Bristol-Myers Squibb announced that Francis Cuss will taking over as EVP and Chief Scientific Officer when Elliott Sigal retires in July. Cuss has been with BMS since 2003 and helped advance the company’s Hepatitis C portfolio. He currently heads up BMS’ drug discovery and clinical pharmacology. FierceBiotech notes that Sigal’s pipeline successes have been particularly strong compared to those of his just-retired peers, such as Merck’s Peter Kim. The Vertex agreement fills a gap of sorts in the BMS Hep C pipeline: the company abandoned an experimental treatment in August 2012 and has Daclatasvir – one of the orals being used in the Vertex collaboration — on tap for what could be a 2015 filing or approval date. Vertex has a long history of collaboration, including the November announcement that it was pursuing parallel development agreements with Janssen and GSK. On Friday, BMS announced that it will collaborate with Vertex to create a treatment for genotype 1 Hepatitis C using two BMS orals with a Phase III Vertex polymerase inhibitor. The expansion also follows the news that BMS is shuttering Amylin’s San Diego site and will relocate some, but not all of the site’s 300 jobs.

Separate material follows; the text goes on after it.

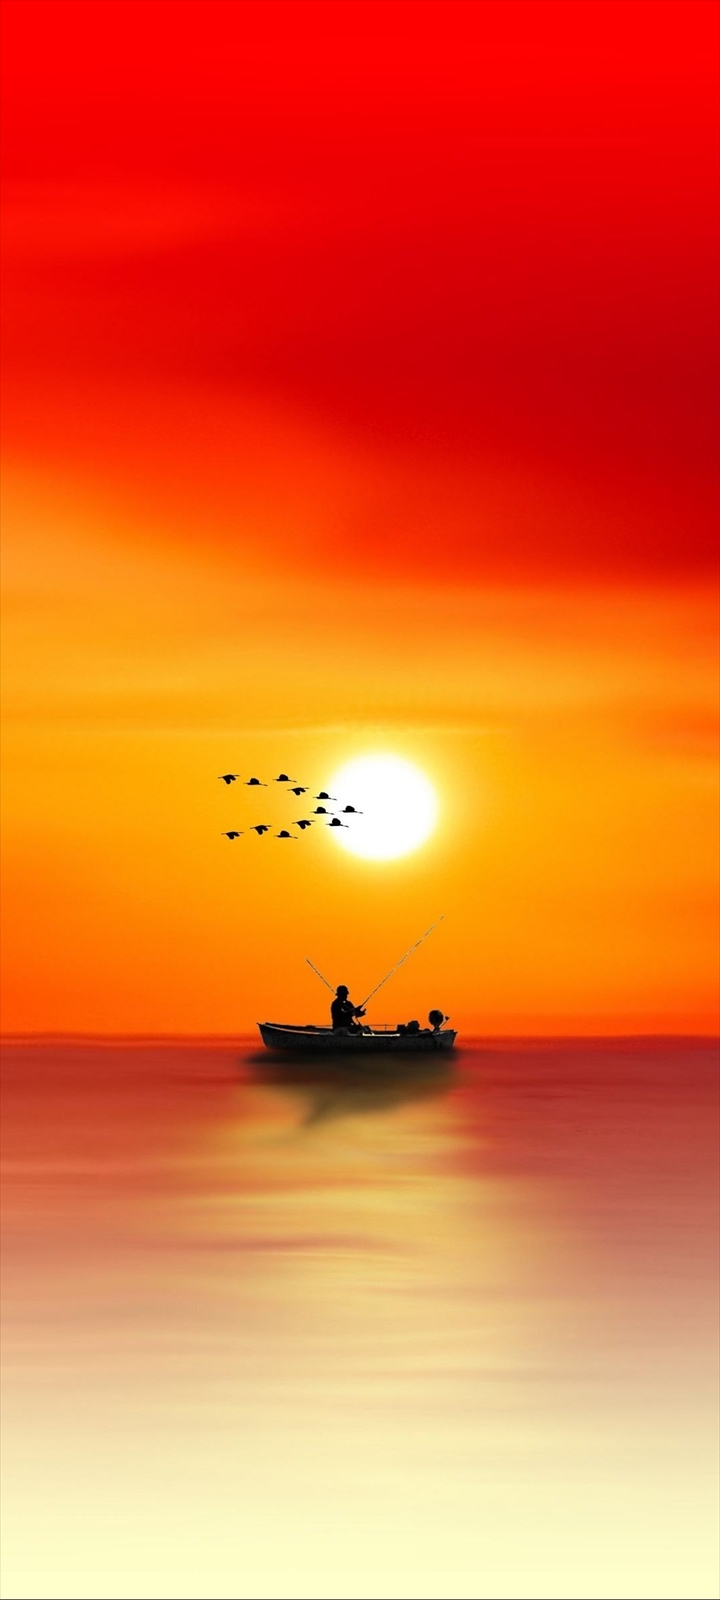 ボートで釣りをする人と渡り鳥と夕日 Galaxy A32 5g Androidスマホ壁紙 待ち受け スマラン

Rare diseases are getting more pipeline attention, but European regulators are insisting that a niche target group does not warrant high prices, reported Bloomberg, which ran through laundry list of recent price refusals. Among those cited: The Netherlands’ demand that Sanofi slash the cost of some of its enzyme replacement therapies, such as Myozyme, which Bloomberg notes costs around $900,000, and the pricing pressures on Vertex’s cystic fibrosis drug, Kalydeco, in Ireland. Bloomberg said such regulator pressure is “putting the brakes on an $86 billion sector of the pharmaceutical industry.” Marcy Dunkle of the National Organization for Rare Disorders told Bloomberg to expect a hard line in the US as well. “The word ‘sustainability’ is something that we hear quite a bit now,” she said.

Association of the British Pharmaceutical Industry (think PhRMA with a plummy accent) said the industry gifted UK docs with $61 million last year, reported PM Live. The figure “covers payments relating to the sponsorship of NHS staff to attend medical education events, training and speaker fees” and is part of a transparency process akin to that in the US. PM Live notes that the figure includes a degree of guesstimating and is based on numbers published by 35 of the company’s 44 largest companies. This looks pretty skimpy: Propublica’s US numbers show AbbVie gave $6 million between June and December 2012, Forest $18.5 million from January to March of 2012 and UCB $7 million for all of last year.